Muslims of Yunnan

There are more Muslims in China than in The United Arab Emirates, Iraq, Libya or Syria. Kunming is reported to be 36 percent Muslim. It is not uncommon to see women wearing the headscarf and men wearing a white yarmulke-like skullcap. Unlike in south India, I have not seen women wearing the long black robe.

Overland trade between present-day Yunnan, Laos, Burma, Thailand and India extends as far back as the Tang Dynasty (618-907) and probably before. The Prophet Muhammad was a member of an Arab clan that engaged in both overland and overseas trade and Muslims have lived in China from just after his death in 632 AD.

Kubli Khan's grandson Ghenghis is primarily responsible for Kunming's Muslim population. Ghenghis Kahn was the first emperor of China during the (Mongolian) Yuan Dynasty (1279-1368). He sent Muslim troops from Central Asia into Yunnan during his campaign to usurp the Song Dynasty and in 1252-53 the Mongols conquered Yunnan.

Ghenghis was well aware of Yunnan's importance as an overland trade hub between India, Southeast Asia, Tibet and the Chinese heartland. He also viewed Yunnan as a springboard for conquest of Burma.

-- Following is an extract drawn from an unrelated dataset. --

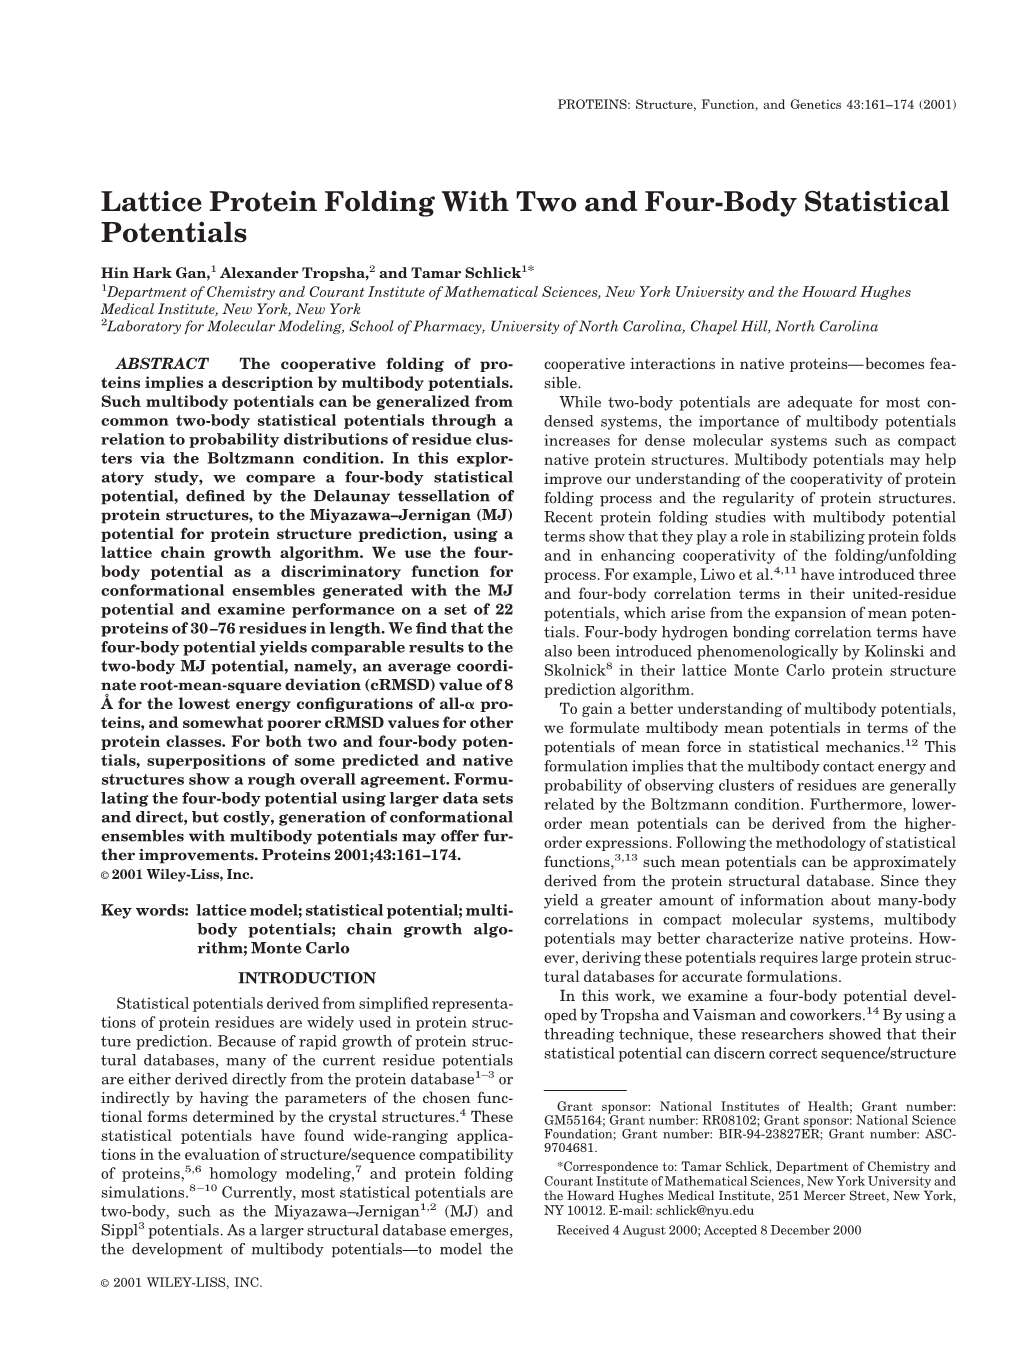 Lattice Protein Folding with Two and Four-Body Statistical Potentials

He appointed an Uzbek as governor. Using land and money as incentives, he encouraged high-ranking officials, who happened to be Muslim, to immigrate to Yunnan. Newly settled Muslim men were permitted to take local wives and encouraged to develop trade and commerce. The Hui, Yunnan's ethnic Chinese Muslims, descend from these unions.

Caravan traffic to India and Southeast Asia beceme a virtual Muslim monoply, headed first by the Uzbeki governor and after his death, by his descents.

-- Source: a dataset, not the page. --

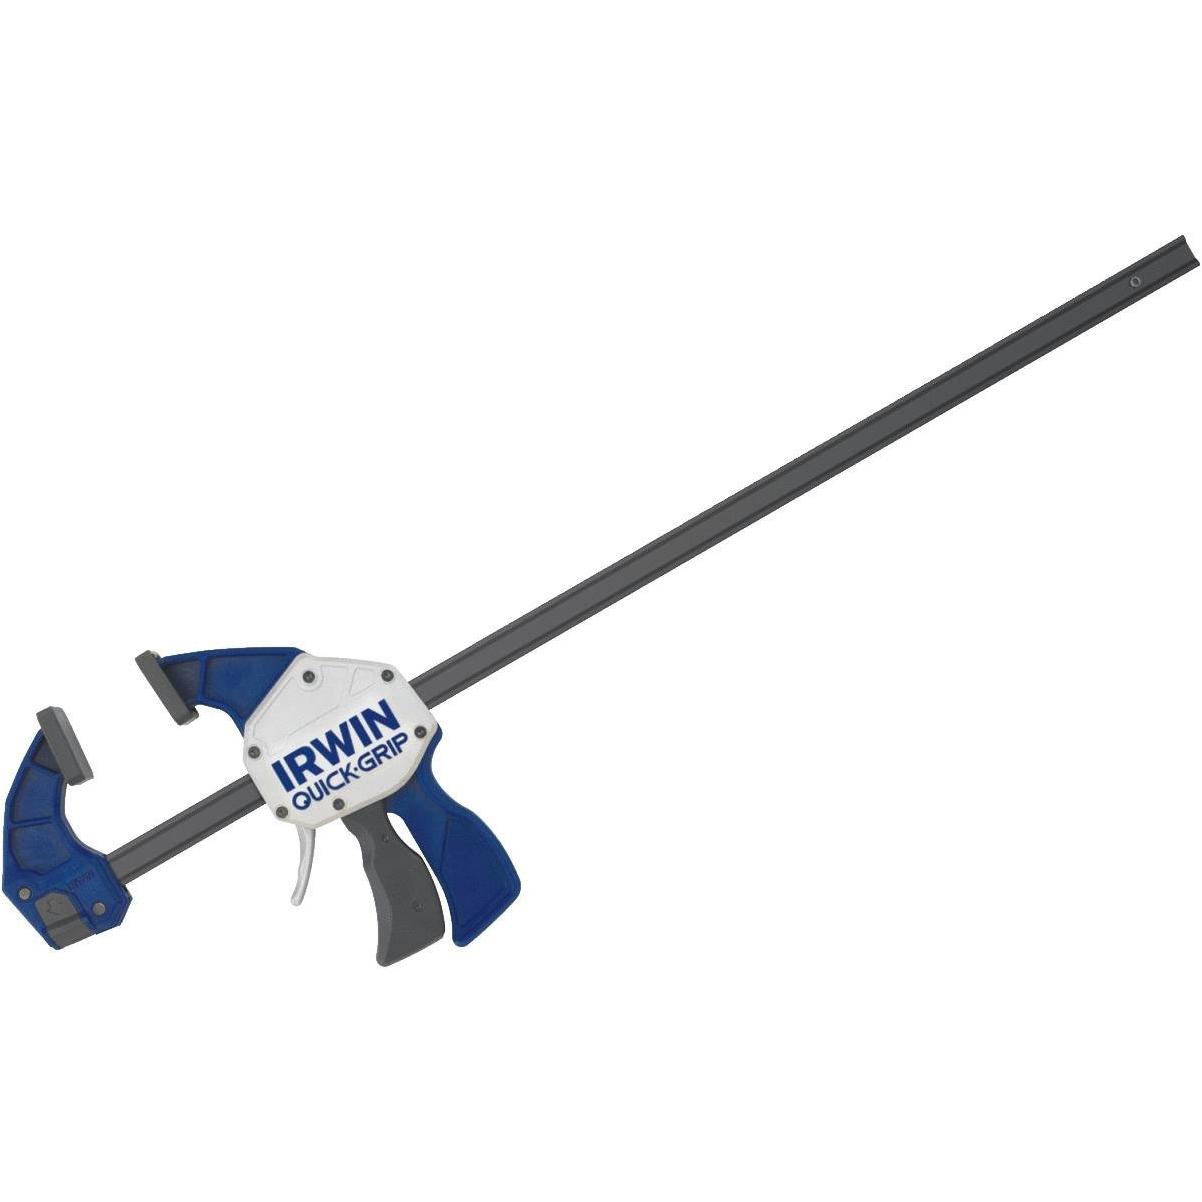 IRWIN Tools Quick-grip Xp600 Series One-handed Bar Clamp and Spreader 24in for sale online

In the first half of the 1300s Chinese chronicler Wang Dayuan recorded the existence of an 'overland road' from China to Arabia. Muslim traders spread throughout China along existing trade routes.

By the late 1700s caravans of Yunnanese Muslim traders ranged over an area extending from the Chamdo region of eastern Tibet, through Assam, Burma, Thailand and Laos to south Chinese provinces of Sichuan, Guizhou, and Guangxi.